Traffic Flows Analysis Guide

View Source

Overview

The PcapFileEx.Flows module provides a unified API to analyze PCAP files and identify traffic flows by protocol (HTTP/1, HTTP/2, UDP).

Quick Start

# Analyze a PCAP file
{:ok, result} = PcapFileEx.Flows.analyze("capture.pcapng")

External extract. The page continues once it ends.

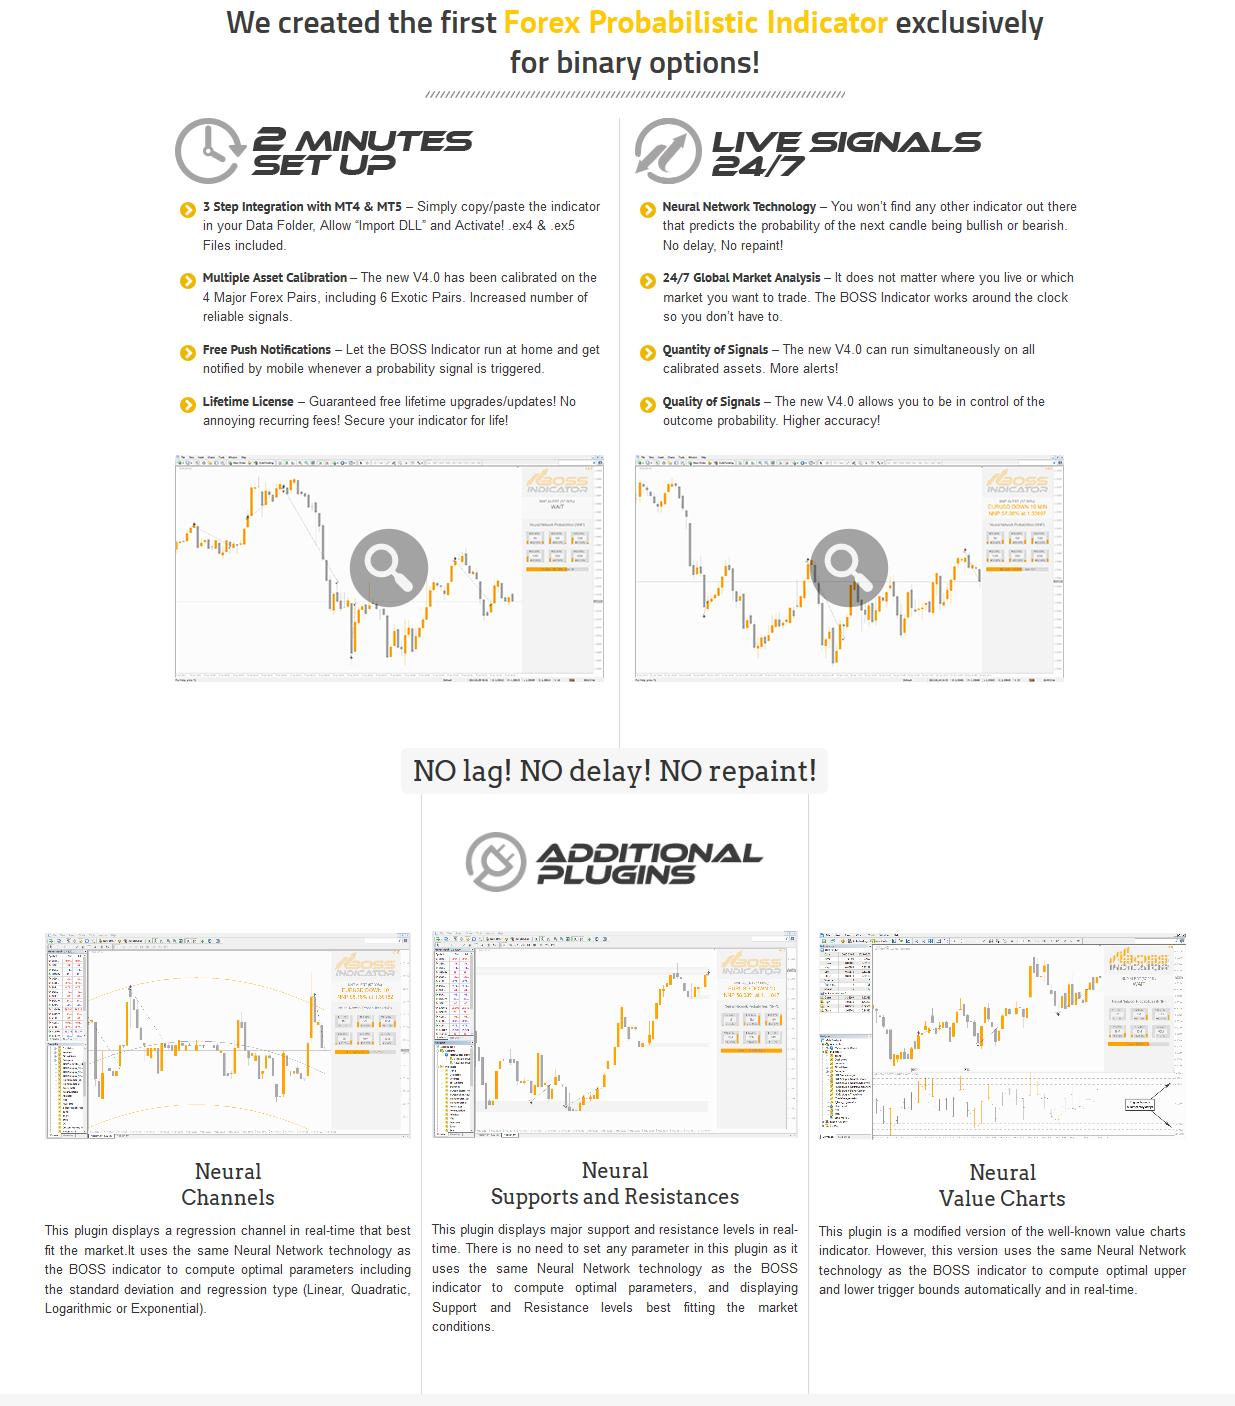 Boss indicator binary Option Plus Market Profile - Steidlmayer - Volume Strips(Enjoy Free BONUS -Greg Shrader)

# Access flows by protocol
IO.puts("HTTP/1 flows: #{length(result.http1)}")
IO.puts("HTTP/2 flows: #{length(result.http2)}")
IO.puts("UDP flows: #{length(result.udp)}")

Key Concepts

AnalysisResult

The main result structure containing all flows:

%PcapFileEx.Flows.AnalysisResult{
  flows: %{FlowKey.t() => flow_ref()},   # O(1) lookup map
  http1: [HTTP1.Flow.t()],               # Sorted by first exchange timestamp
  http2: [HTTP2.Flow.t()],               # Sorted by first stream timestamp
  udp: [UDP.Flow.t()],                   # Sorted by first datagram timestamp
  timeline: [TimelineEvent.t()],         # Unified timeline
  stats: Stats.t()                       # Aggregate statistics
}

FlowKey

Stable identity for O(1) flow lookups:

key = PcapFileEx.FlowKey.new(:http2, client_endpoint, server_endpoint)
flow = PcapFileEx.Flows.AnalysisResult.get_flow(result, key)

Flow

Base flow identity with display and authoritative fields:

%PcapFileEx.Flow{
  protocol: :http2,
  from: "web-client",           # Display: hostname (no port)
  server: "api-gateway:8080",   # Display: host:port
  client: "web-client:54321",   # Display: host:port
  server_endpoint: %Endpoint{}, # Authoritative
  client_endpoint: %Endpoint{}  # Authoritative
}

TimelineEvent

For unified playback across protocols:

Enum.each(result.timeline, fn event ->
  data = PcapFileEx.Flows.AnalysisResult.get_event(result, event)

  case data do
    %HTTP1.Exchange{} -> handle_http1(data)
    %HTTP2.Stream{} -> handle_http2(data)
    %UDP.Datagram{} -> handle_udp(data)
  end
end)

Protocol-Specific Flows

HTTP/1 Flows

Enum.each(result.http1, fn flow ->
  IO.puts("Flow from #{flow.flow.from} to #{flow.flow.server}")

  Enum.each(flow.exchanges, fn exchange ->
    IO.puts("  #{exchange.request.method} #{exchange.request.path}")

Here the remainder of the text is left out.